In this development tutorial series we are going to cover another new feature given to developers with the “Mango” SDK; Background Agents. Background agents give the ability for an application to run code in the background. This can be a reminder, toast notifications, or file transfers just to name a few. These background agents come in two flavors, either a Period Agents or Resource Intensive Agents. A periodic agent runs for brief period of time at a regular interval. A resource intensive agent runs for longer periods of time in a one-time occurrence. For this tutorial we are going to use a periodic agent in this tutorial to demonstrate how to implement and code it. Jump below for a look at the code and see how to implement a periodic agent.

// WP7LDBStorage - Settings.xaml
// Grid where we bind checkbox
<!--ContentPanel - place additional content here-->
<Grid x:Name="ContentPanel" Grid.Row="1" Margin="12,0,12,0">
<CheckBox Content="Live Tile Enabled" Height="72" HorizontalAlignment="Left" Margin="8,39,0,0" Name="cbLiveTile" VerticalAlignment="Top" Width="444" Click="cbLiveTile_Click"/>
<TextBlock HorizontalAlignment="Left" Margin="8,8,0,0" TextWrapping="Wrap" Text="Live Tile" VerticalAlignment="Top"/>
<Button Content="Create Channel" Margin="8,138,8,0" VerticalAlignment="Top" Name="btnCreateChannel" Click="btnCreateChannel_Click" />
<CheckBox Content="Enable Background Agent" Height="72" HorizontalAlignment="Left" Margin="12,249,0,0" Name="cbBackgroundAgent" VerticalAlignment="Top" Width="436" IsThreeState="False" Checked="cbBackgroundAgent_Checked" Unchecked="cbBackgroundAgent_Unchecked" IsChecked="{Binding IsEnabled}"/>
<TextBlock Height="30" HorizontalAlignment="Left" Margin="6,102,0,0" Name="textBlock1" Text="Toast Notifications" VerticalAlignment="Top" />
<TextBlock Height="30" HorizontalAlignment="Left" Margin="9,216,0,0" Name="textBlock2" Text="Background Agents" VerticalAlignment="Top" />
</Grid>

This code above is from the “Settings.xaml” where we implement a new checkbox for the background agent to be enabled and disabled. For this particular tutorial we are going to Bind the checkbox to the IsEnabled and run a method in our code file to check it. This will allow us to eliminate the need to open an isolated storage file and store and retrieve data from it.
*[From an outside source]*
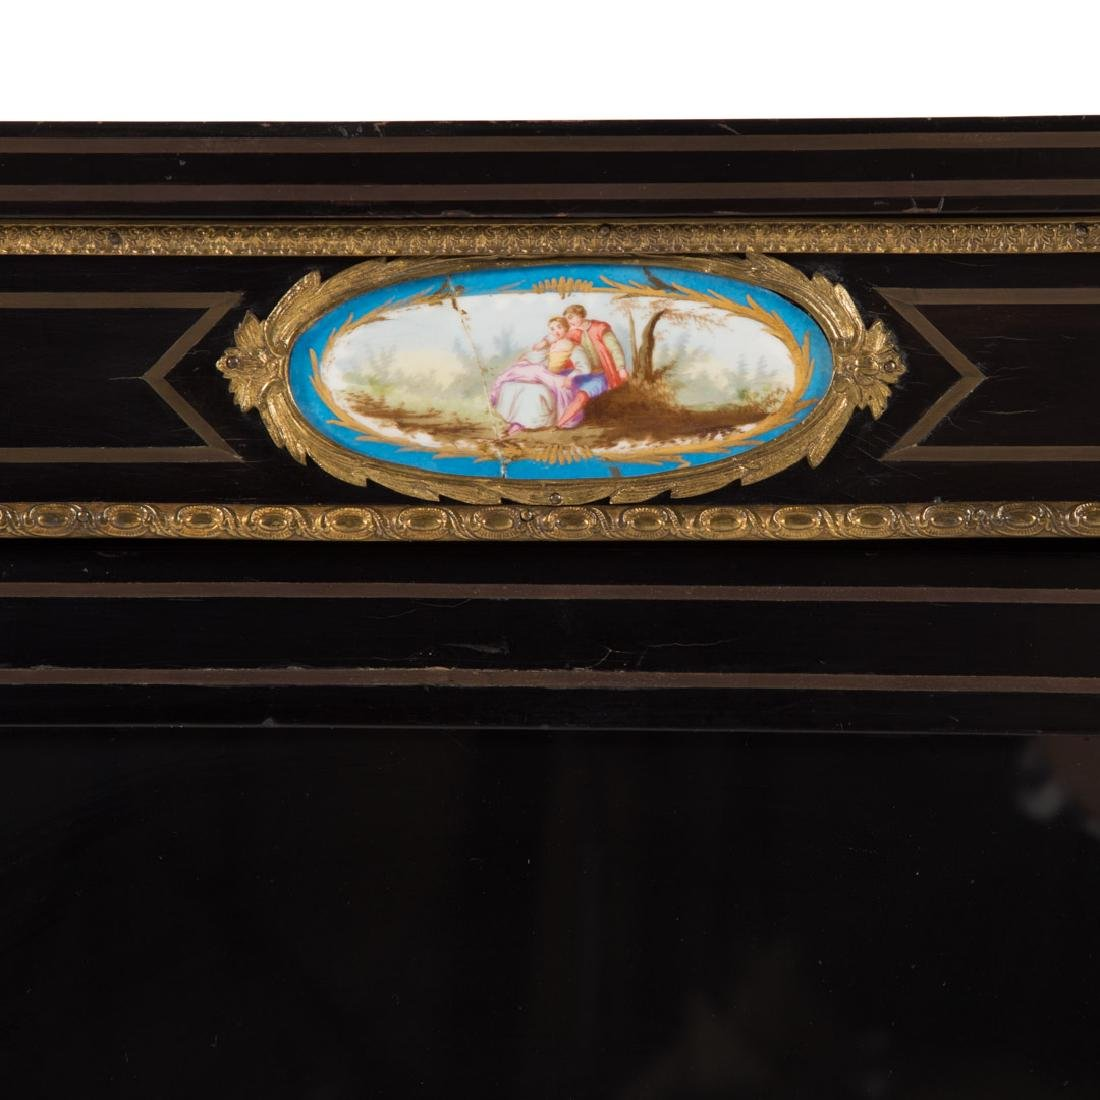 Napoleon III ebonized wood bibliotheque - 3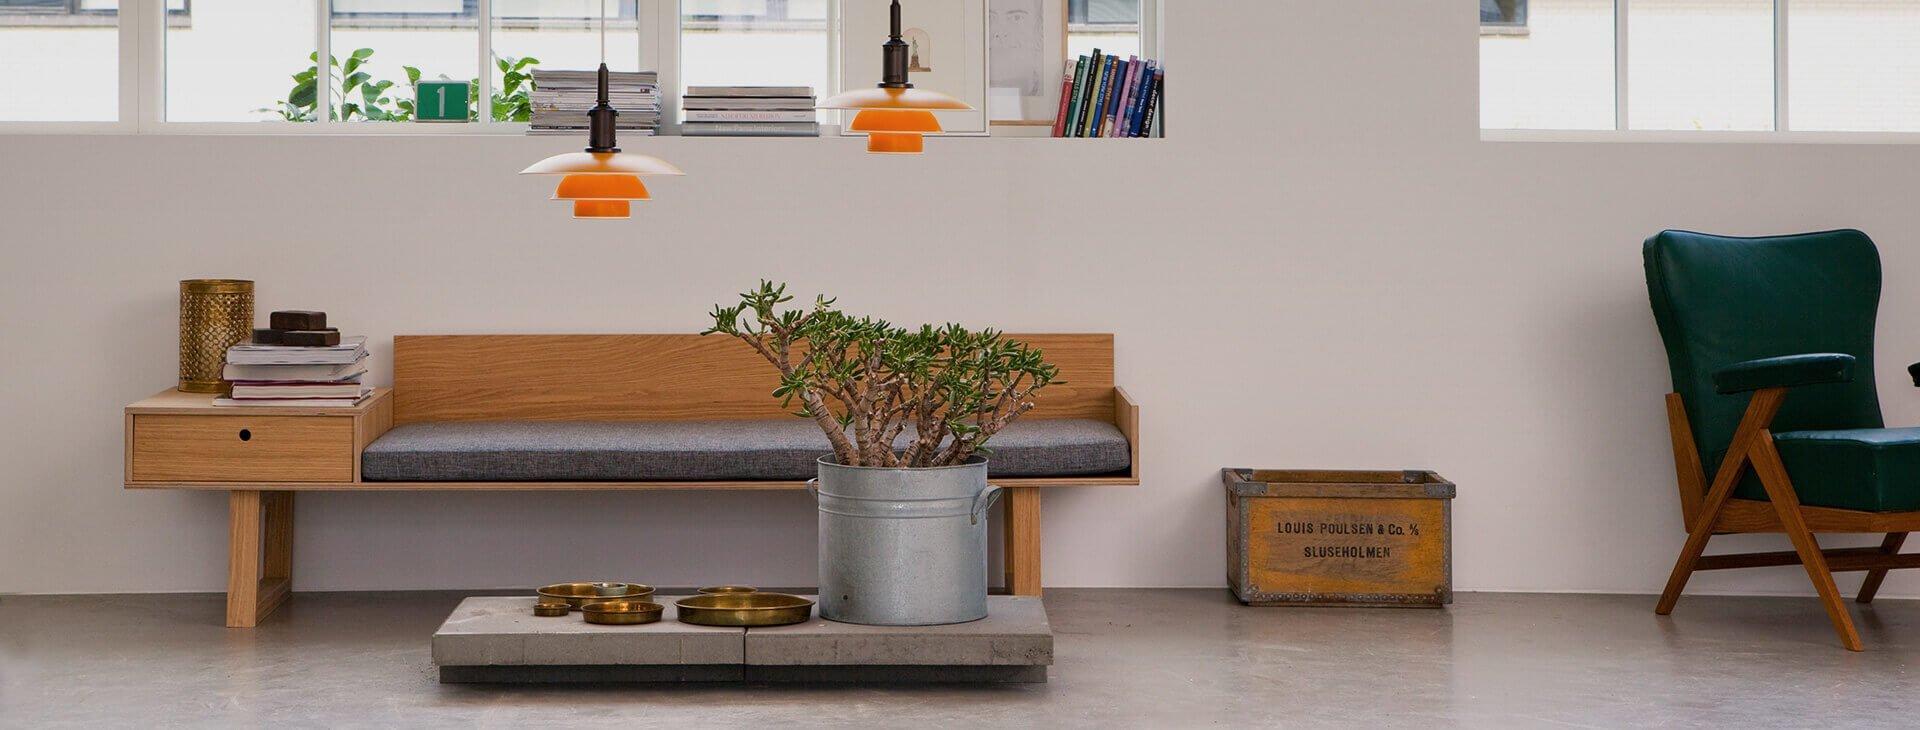 louis poulsen ihre brands im stilwerk berlin. Black Bedroom Furniture Sets. Home Design Ideas

// WP7LDBStorage - Settings.xaml.cs - SOF
#define DEBUG_AGENT
using System;
using System.Collections.Generic;
using System.Linq;
using System.Net;
using System.Windows;
using System.Windows.Controls;
using System.Windows.Documents;
using System.Windows.Input;
using System.Windows.Media;
using System.Windows.Media.Animation;
using System.Windows.Shapes;
using Microsoft.Phone.Controls;
using Microsoft.Phone.Shell;
using System.IO;
using System.IO.IsolatedStorage;
using Microsoft.Phone.Notification;
using System.Diagnostics;
// Directive for the data model
using WP7LDBStorage.Model;
using Microsoft.Phone.Tasks;
using Microsoft.Phone.Scheduler;
namespace WP7LDBStorage
{
public partial class Settings : PhoneApplicationPage
{

PeriodicTask periodicTask;
string periodicTaskName = "PeriodicAgent-BW";
public bool agentsAreEnabled = true;
public Settings()
{

Here we are looking at the import statements and by this tutorial you should know that we have, of course, added at least one. Here we are using “using Microsoft.Phone.Scheduler” which gives us access to Scheduler features utilized by Windows Phone such as alarms, reminders and what we are in it for; background agents. You will then see that just before our default constructor we create a PeriodicTask object called periodicTask that will not be instantiated yet, and a string object called periodicTaskName with the string of “PeriodicAgent-BW”. We also create a public bool object called agentsAreEnabled setting the variable to true. After this is done we can move onto the bottom of our code as it will take place after the code we made for our push notifications post previous.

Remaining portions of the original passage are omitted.